I love the Bouv! Show groomed and pet groomed many... wonderful hard headed dogs but that beard. I can't get past them. They really smell.


----------



## NH homesteader (Oct 26, 2016)

Ew that's gross. My parents have a Goldendoodle and he always has a wet beard,  it's gross but nothing like those guys!


----------



## babsbag (Oct 26, 2016)

You guys are all enablers. I don't think that a 180 lb dog is in my future.


----------



## Goat Whisperer (Oct 26, 2016)

But! But! But! They aren't big right _now_ Babs!


----------



## babsbag (Oct 26, 2016)

Yes, but I need a chicken guardian, not a dog that has that has feet bigger than a chicken.  

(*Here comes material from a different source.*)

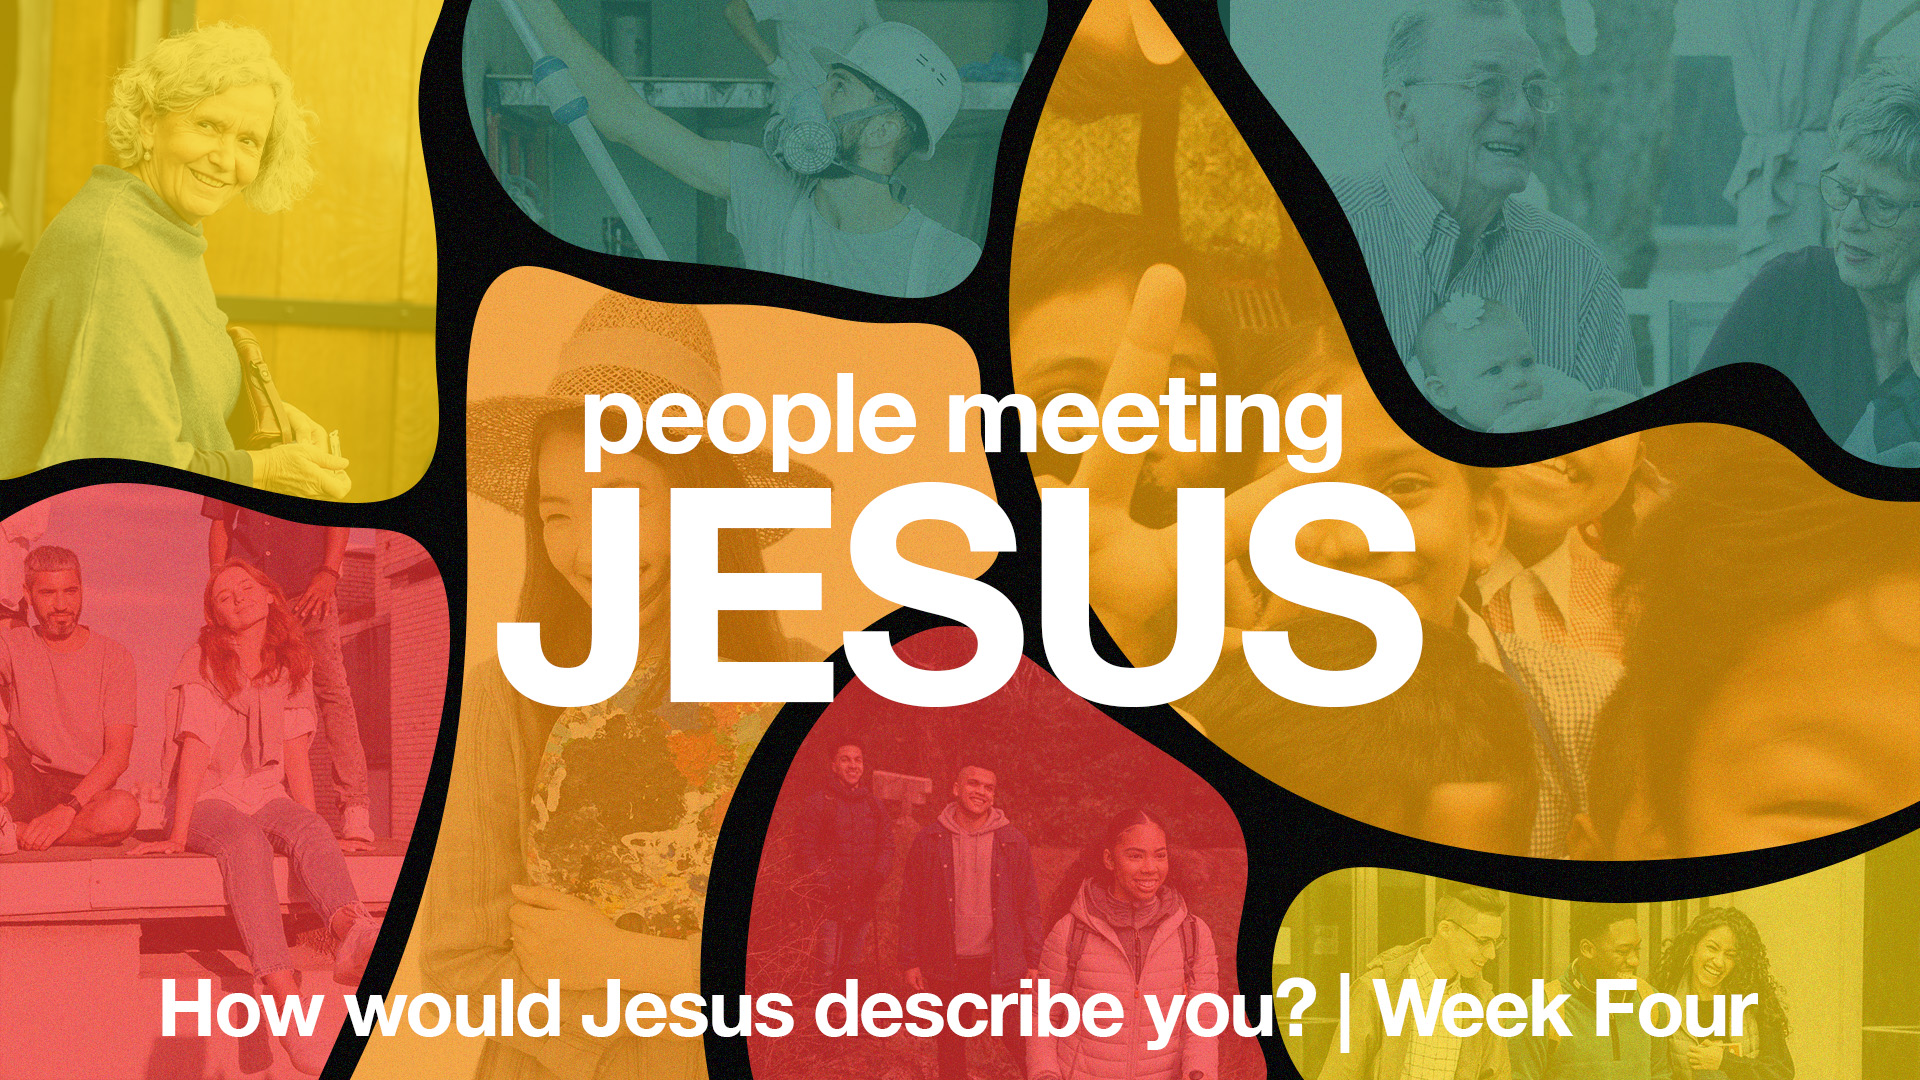 How would Jesus describe you? - Week Four

If I needed a farm dog, maybe...but I don't.


----------



## Latestarter (Oct 27, 2016)

They are beautiful puppies... But then I think most puppies are


----------



## micah wotring (Oct 27, 2016)

Southern by choice said:


> Now- only one problem.
> 
> I have no money.


Haha, I feel ya southern. XD


----------



## OneFineAcre (Oct 27, 2016)

Those are very nice looking pups for sure.


----------



## frustratedearthmother (Oct 27, 2016)

Southern by choice said:


> Now- only one problem.
> 
> I have no money.



Let's all chip in on a female, send the dog to Southern, she can breed it to one of her wonderfulest males and we all get a pup!!! 

Dang, I'm smart, LOL!


----------



## babsbag (Oct 27, 2016)

They are really horses in disguise, don't let them fool you.

I'm in.


----------



## babsbag (Oct 27, 2016)

The ad was just reposted...they are still available. Which one should we get? LOL

http://stockton.craigslist.org/for/5848983586.html


----------



## frustratedearthmother (Oct 27, 2016)

OMG - they're brindle!  Love the regal look of the one in the first pic!


----------



## Baymule (Oct 27, 2016)

I want one! after Southern raises a batch of pups!


----------



## NH homesteader (Oct 27, 2016)

Yes!


----------



## babsbag (Oct 27, 2016)

@Southern by choice, have you noticed that we have plans for you?


----------



## Southern by choice (Oct 27, 2016)

Yes, I am game. 
Now If ALL of you go in on it collectively... then I will breed my boy (Blue or D) to her and all those that contributed can have a puppy! 

Whatchall say?


----------



## babsbag (Oct 27, 2016)

But what if more people contribute than there are pups? What if...what if... what it...


----------



## Southern by choice (Oct 27, 2016)

babsbag said:


> But what if more people contribute than there are pups? What if...what if... what it...



Then breed her twice!


----------



## frustratedearthmother (Oct 27, 2016)

Great answer!  I'm loving this idea!


----------



## babsbag (Oct 27, 2016)

Puppy is about 3 hours from here and in same town as my doctor whom I need to go and visit...hmm...just sayin' . We could fly her to Texas and then @Latestarter could take her to NC when he goes.


----------



## frustratedearthmother (Oct 27, 2016)

Dang, that's a great plan!  Or, if it's easier on everyone (including the pup) maybe it won't be much more to fly her all the way to SBC.  Hope they have females!  Step one -  for a female!


----------



## Southern by choice (Oct 27, 2016)

LOL I would love a female. Females however are very hard to have around a lot of other females.
People complain about the males... shoot, it is the females that are an issue.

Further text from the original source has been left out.